6 December 2007 – Deputy Secretary-General Asha-Rose Migiro is heading a United Nations delegation to this weekend’s African Union-European Union summit in Lisbon amid mounting international concern about the obstacles to deploying a hybrid UN-AU peacekeeping force to the war-wracked Darfur region of Sudan.

Ms. Migiro will be joined in the Portuguese capital by the UN High Representative for Least Developed Countries, Landlocked Countries and Small Island Developing States Cheick Sidi Diarra, Assistant Secretary-General for Peacekeeping Operations Edmond Mulet and Deputy Chef de Cabinet Kim Won-Soo.

Mr. Mulet and Mr. Kim are scheduled to meet with the Sudanese delegation attending the summit on issues relating to the deployment of the hybrid force, known as UNAMID, to try to quell the fighting between rebels, Government forces and allied militias that has left at least 200,000 people dead and more than 2.2 million others displaced since 2003.

Secretary-General Ban Ki-moon told reporters today that the UN officials will be holding the meetings on the sidelines of the summit to try to resolve the issue of the composition of UNAMID and other issues concerning its deployment.

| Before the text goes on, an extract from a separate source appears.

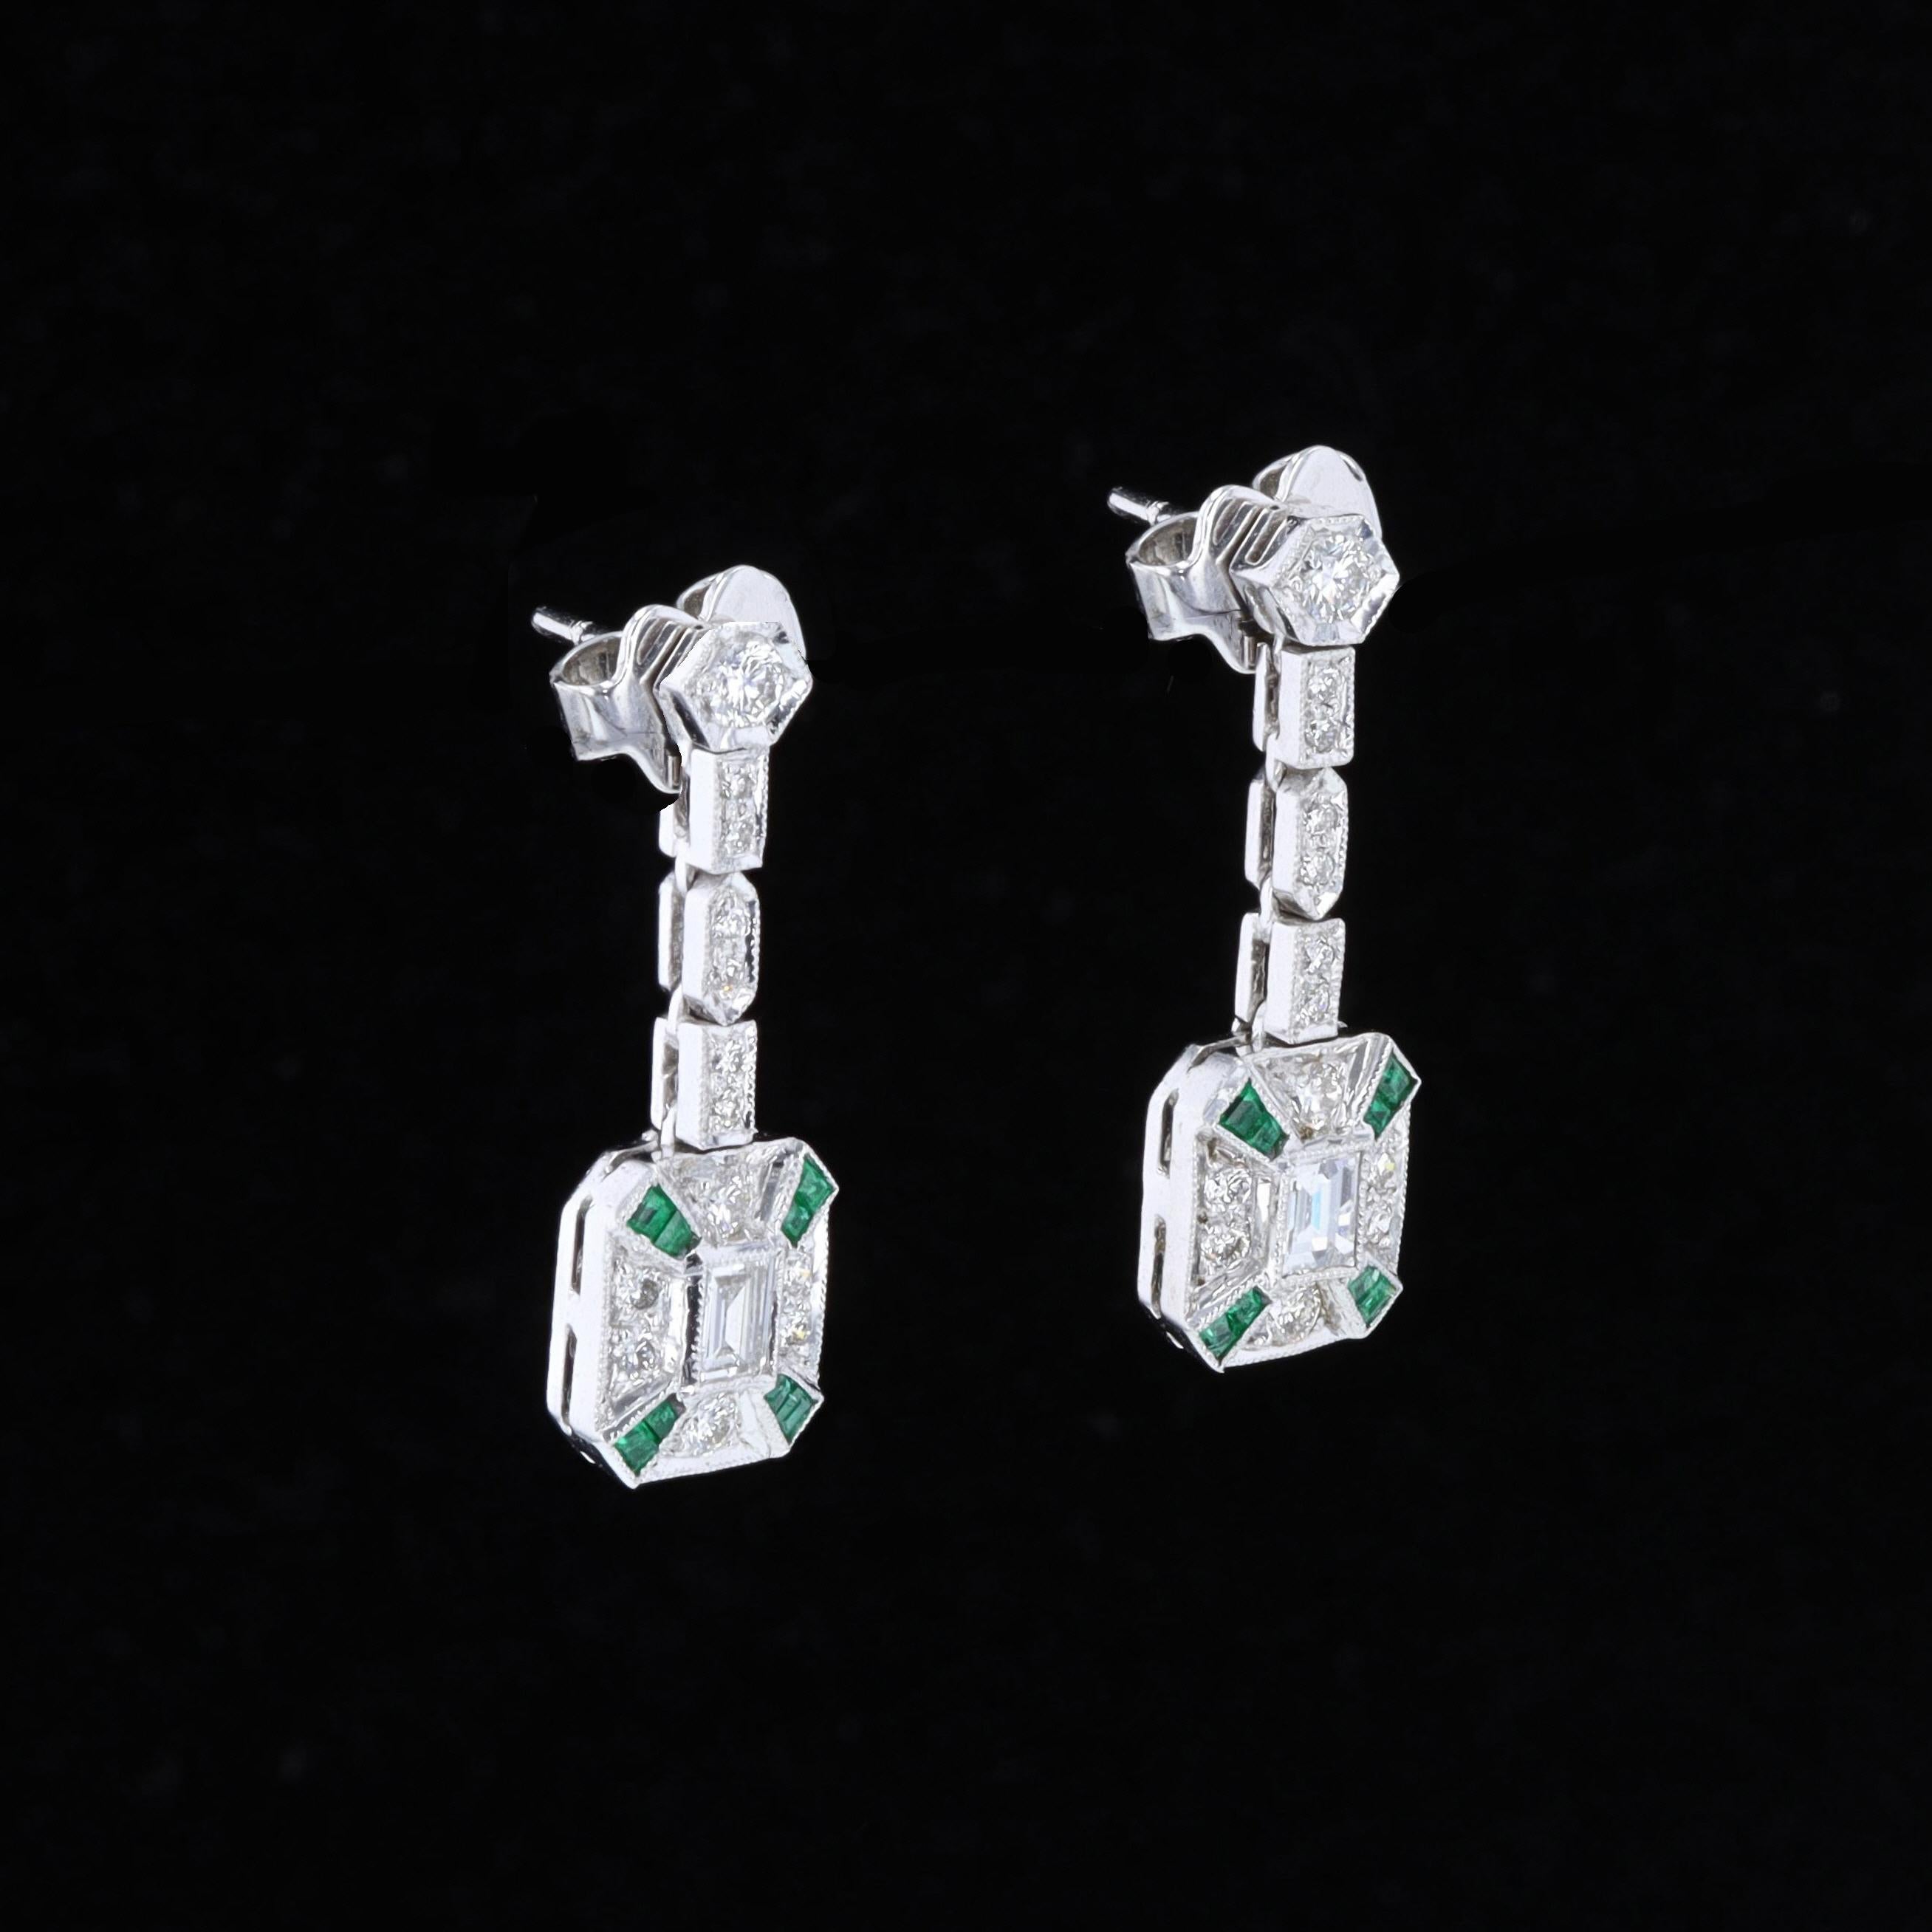 Exquisite workmanship combines elegance and opulence in this pair of vintage emerald and diamond earrings. The 18K white gold earrings feature round and emerald cut diamonds and emeralds and measure 27mm by 9mm. The earrings weigh 7.2 grams.

“We must absolutely have an effective, robust force,” Mr. Ban said. “Without it, there can be no security, nor credible progress in the peace talks. Rebel leaders will simply not join the process without an effective peacekeeping force in place.”

UNAMID is due to take over from the existing but under-resourced AU mission (known as AMIS) by the start of next month, but it lacks offers for crucial force units and the Sudanese Government has raised a series of objections and obstacles.

The mission is short of one heavy and one medium transport unit, three military utility aviation units and one light helicopter unit, while an earlier pledge for one reconnaissance company has been withdrawn.

Mr. Ban said that, despite bilateral talks in person or by telephone with “all possible potential” contributor countries, “I have not been able to get even one single helicopter commitment. We need, at this time, 24 helicopters – three tactical helicopter [units] and one light tactical helicopter unit.”

Acknowledging that many potential contributing countries are overstretched in their critical military assets, he warned that nevertheless “the entire mission is at risk” from the lack of key capabilities.

The Secretary-General has written to Security Council President, Ambassador Marcello Spatafora of Italy, to voice his “grave concern with regard to the shortage of critical assets” and to urge Council members to “exercise their influence so as to transform international concern for the situation in Darfur into the tangible provision of the 24 helicopters that could make such a critical difference to the people of Darfur.”

Khartoum is also yet to approve units for the force, which is supposed to be predominantly African, from Thailand, Nepal and Scandinavia, and it has also not facilitated the acquisition of land and flight operations rights for UN aircraft, impeding the ability of UNAMID to carry out its mandate.

Stating he will write a letter to Sudanese President Omar al-Bashir on the issue, Mr. Ban warned: “Without mobility and transportation, it will be extremely difficult for us to deploy our forces. And even [if] they are deployed, without effective, efficient, mobility capacity, we will not be able to protect civilians and even our own soldiers.”

The UN chief also noted that his Special Envoy on Darfur, Jan Eliasson, is considering holding a major meeting among the region’s rebel movements to help them find a common negotiating position and team for planned direct talks in Sirte, Libya, between the Government and the rebels to solve the conflict.

Meanwhile, Choi Young-jin, the Secretary-General’s Special Representative for Côte d’Ivoire, will also be attending the Lisbon gathering to participate in a separate mini-summit on the West African nation’s current problems and challenges.